The times shown in Figure 4 were obtained over a local area network with only a light loading. The impact of file size on retrieval delays is proportionately greater over remote networks. Figure 5 (a) illustrate the importance of geographical location for retrieval delays. A number of users were asked to download the same video file at approximately the same time of day (Johnson and Kavanagh, 1996). Te file was 770K in size and had a running time 11 seconds . As can be seen from the graph, retrieval delays are heavily influenced by the user's location. It is important to note that this does not mean that delays are not determined by the user's geographical distance from a resource. It takes longer for a user in Dublin, which is 200 miles away from Glasgow, than it does for a user in Montpellier , 900 miles away. This is due to a 256kbit line between Ireland and the United Kingdom. If designers were providing a resource for use by Dubliners then the web page would have to be designed as if Dublin were geographically further away than Montpellier. This implies that any attempt by designers to define optimal file sizes and hence acceptable delays must be indexed by the relative position of the user to the resource (Johnson, 1996). Figure 5b) adds complexity to this analysis because retrieval delays vary throughout the day. Figure 5b) accurately mirrors the peaks and troughs of demand on Glasgow University's computing infrastructure.

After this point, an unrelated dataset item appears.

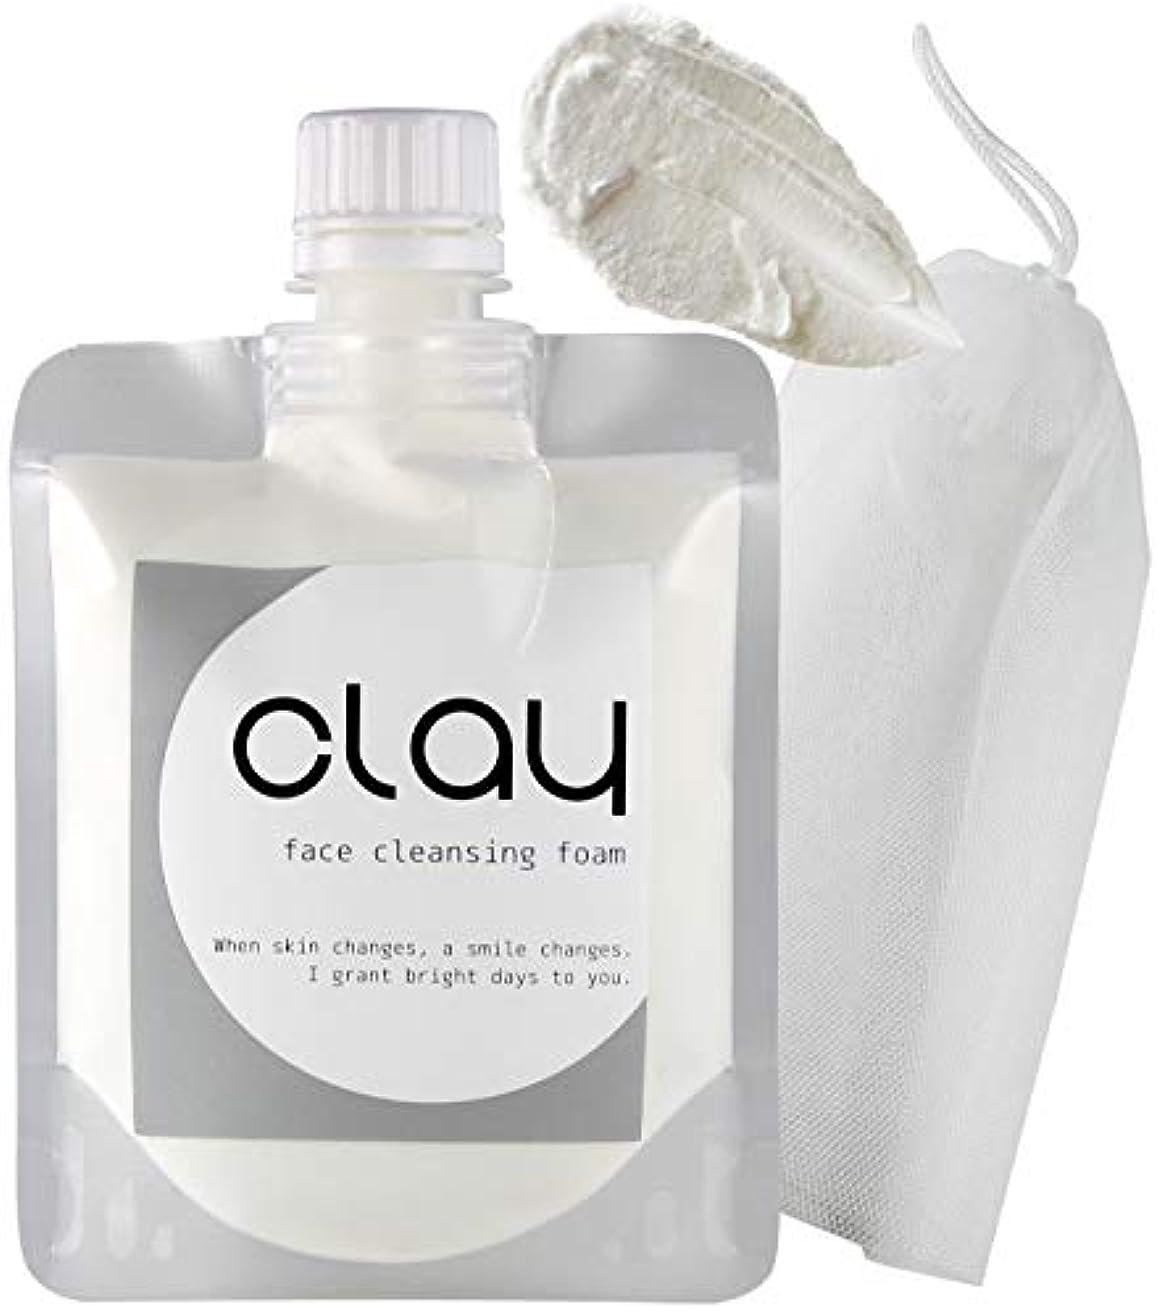 光電服を着る興味STAR'S クレイ 泥 洗顔 オーガニック 【 毛穴 黒ずみ 開き ザラ付き 用】「 泡 ネット 付き」 40種類の植物エキス 16種類の美容成分 9つの無添加 透明感 柔肌 130g (Clay)
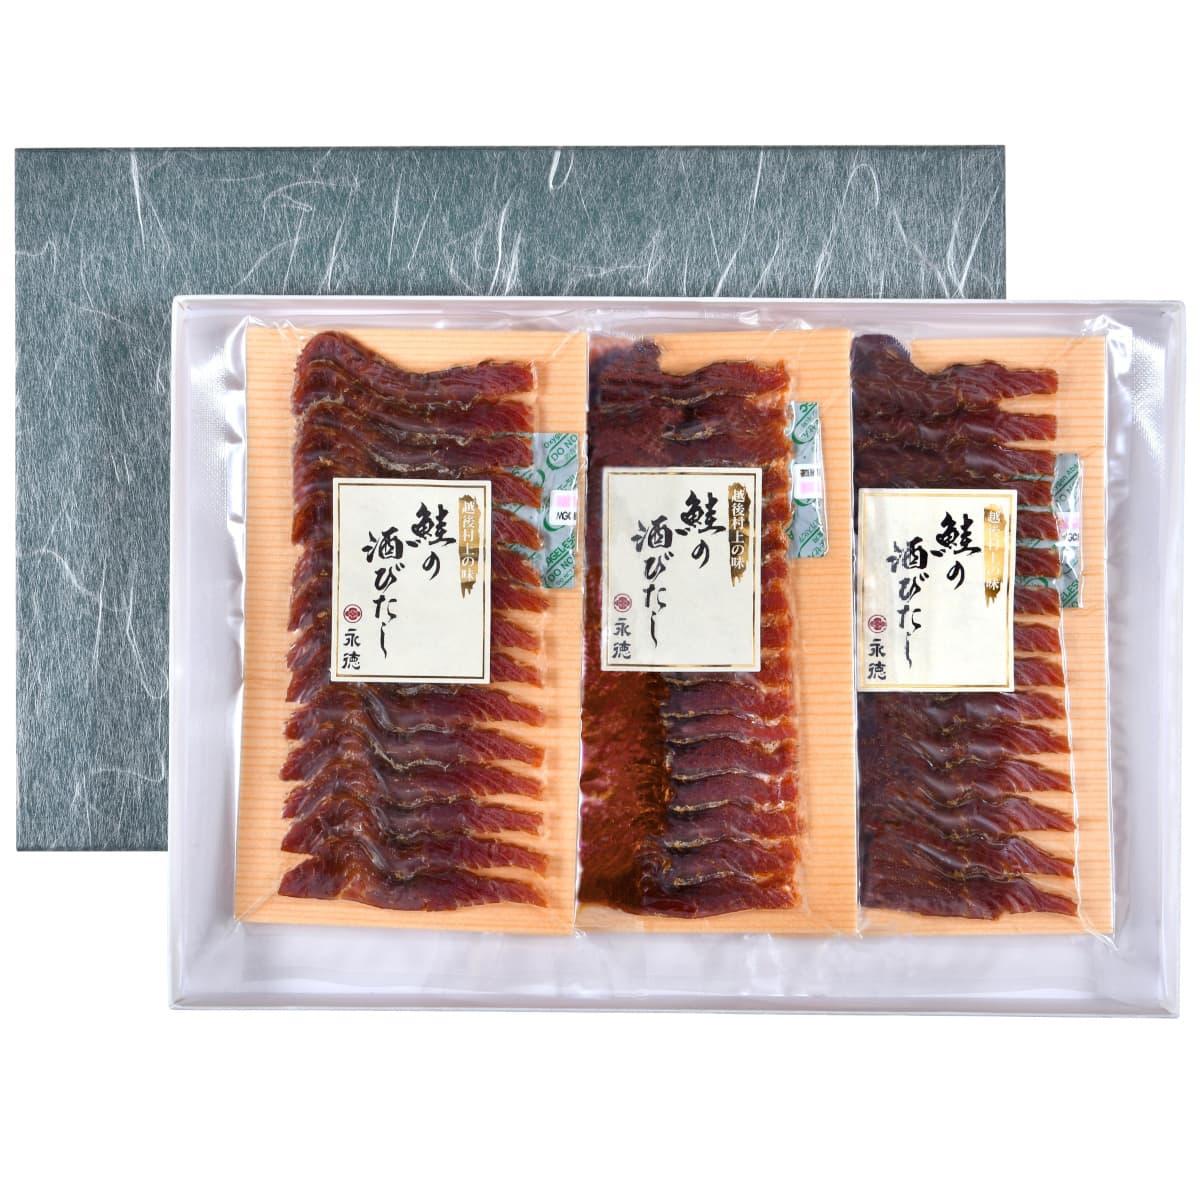 鮭の酒びたし 40g×3

(a) Variable Download Latency with Location

(b) Variable Download Latency with Time

Figure 5: The Relationship between Download Latency, Geography and Time of Day.

Having recognised the impact that both time and place have upon retrieval delays for video resources, it is important to ask what can be done to combat these problems? Firstly, designers must identify the boundaries of acceptable and unacceptable delays for the users of their resources (Johnson, 1996). These boundaries must be indexed by the geographical location and network resources of the target population. For example, the Hunterian Museum's video archive is intended to support schoolchildren in the West of Scotland. Designers should not, therefore, produce a web page that can only be accessed over the high speed networks that connect Glasgow to Southern California. Secondly, if average delays extend beyond these limits then designers must take steps to reduce the impact of physical, or rather network, distance. For instance, mirror sites can be provided. Video segments can be shortened to reduce file sizes and hence retrieval times. Other delivery mechanisms, such as CD-ROMs, might be considered. Alternatively, designers might argue for improvements to the supporting infrastructure. For example, the delays between Glasgow and Dublin, shown in Figure 5 a), may be reduced as a side-effect of a new 512kbit line across the Atlantic.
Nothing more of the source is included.